● **Given data**:
*** Begin section ***

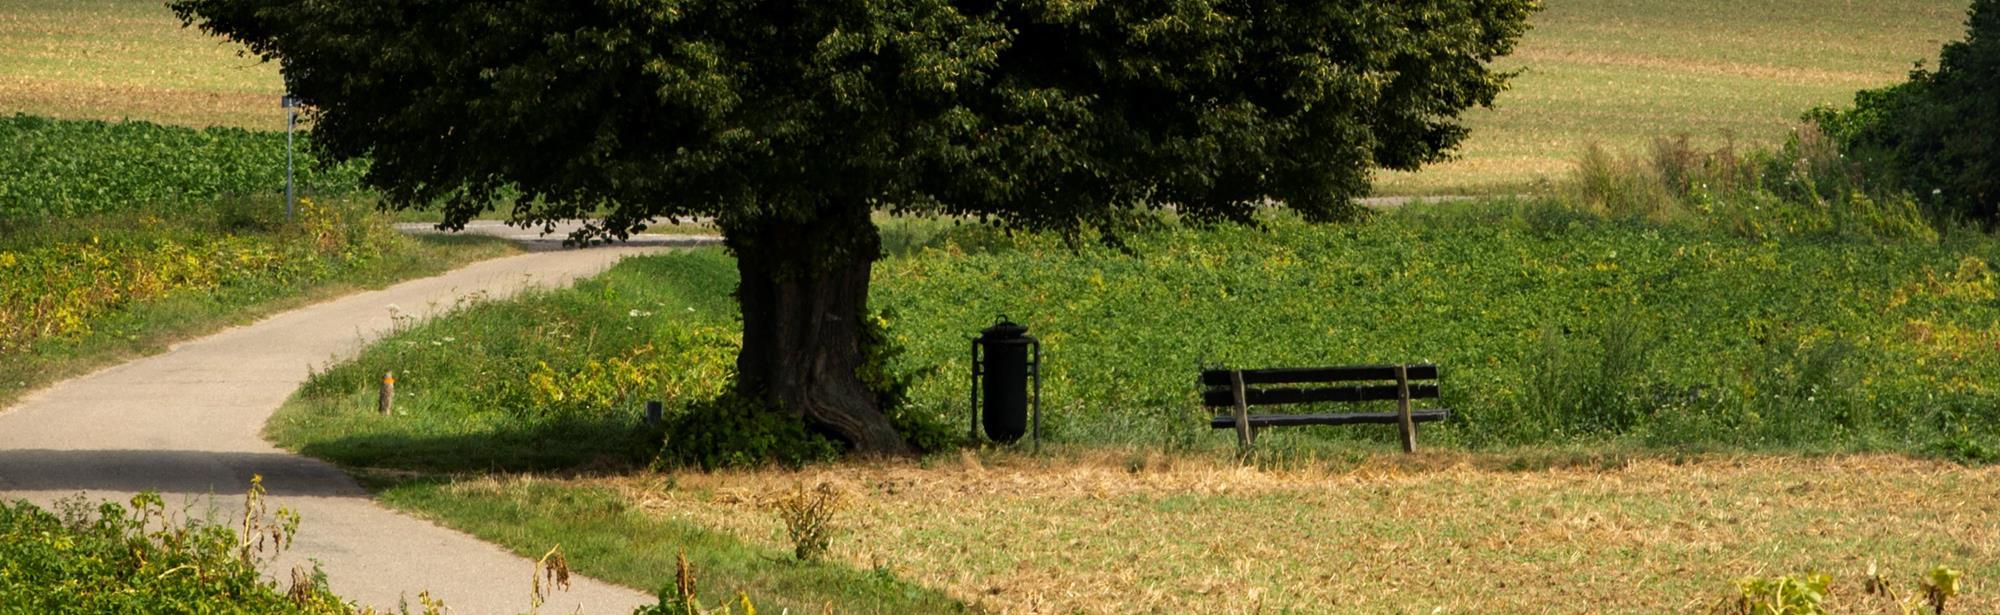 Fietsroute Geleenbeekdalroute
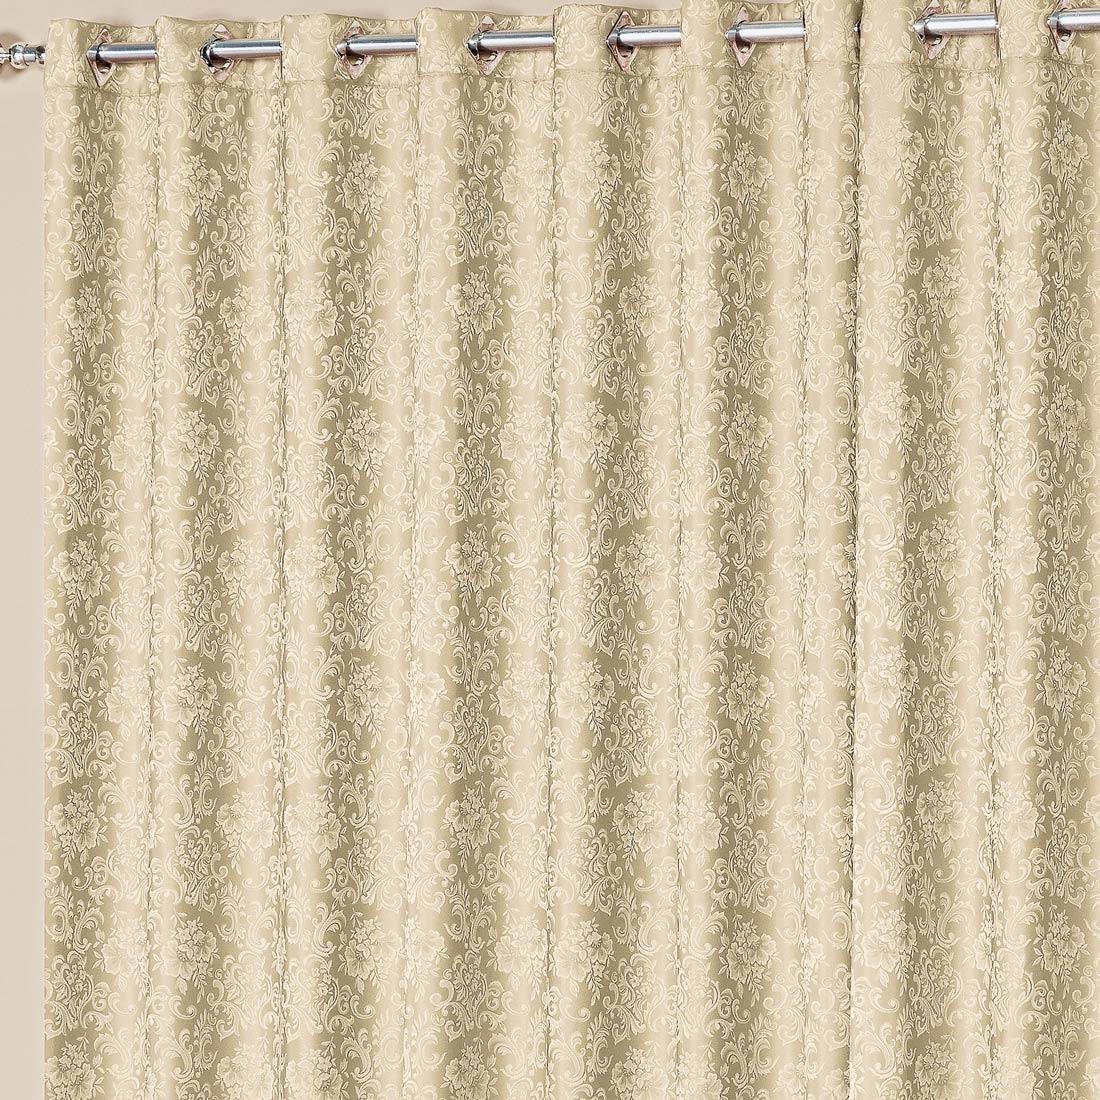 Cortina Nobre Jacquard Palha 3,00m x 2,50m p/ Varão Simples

*** End section ***
*** Begin section ***

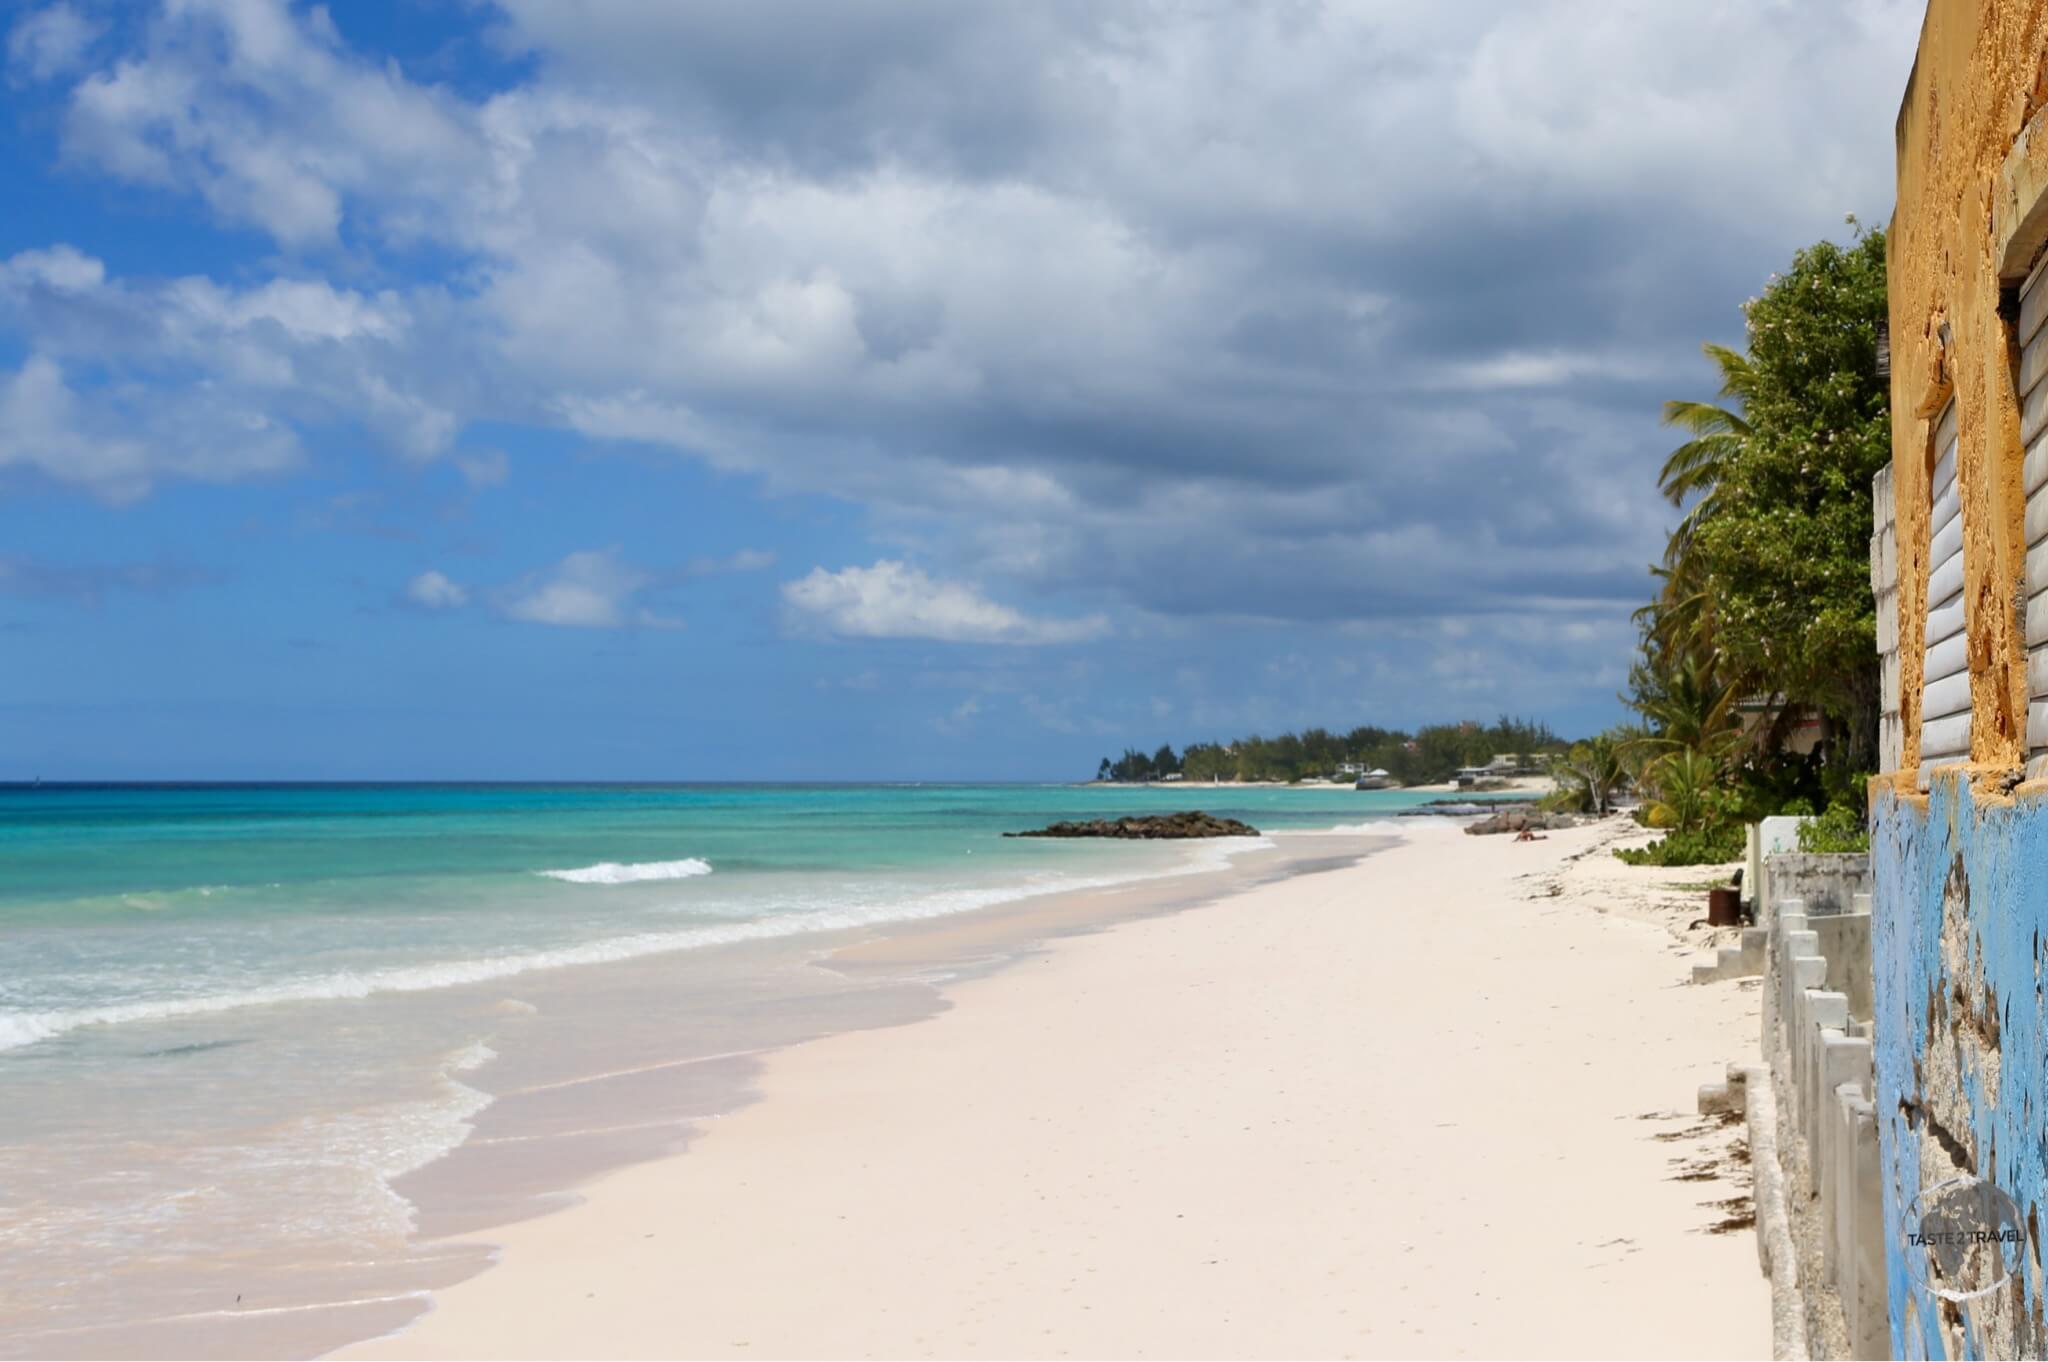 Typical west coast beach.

*** End section ***

● **Task objective**:
From the line with "Fietsroute Geleenbeekdalroute" up to and including the line with "Cortina Nobre Jacquard" above, retype every line exactly and nothing more; leave out the pictures.

● **Response for this exercise**:
 Fietsroute Geleenbeekdalroute
 Cortina Nobre Jacquard Palha 3,00m x 2,50m p/ Varão Simples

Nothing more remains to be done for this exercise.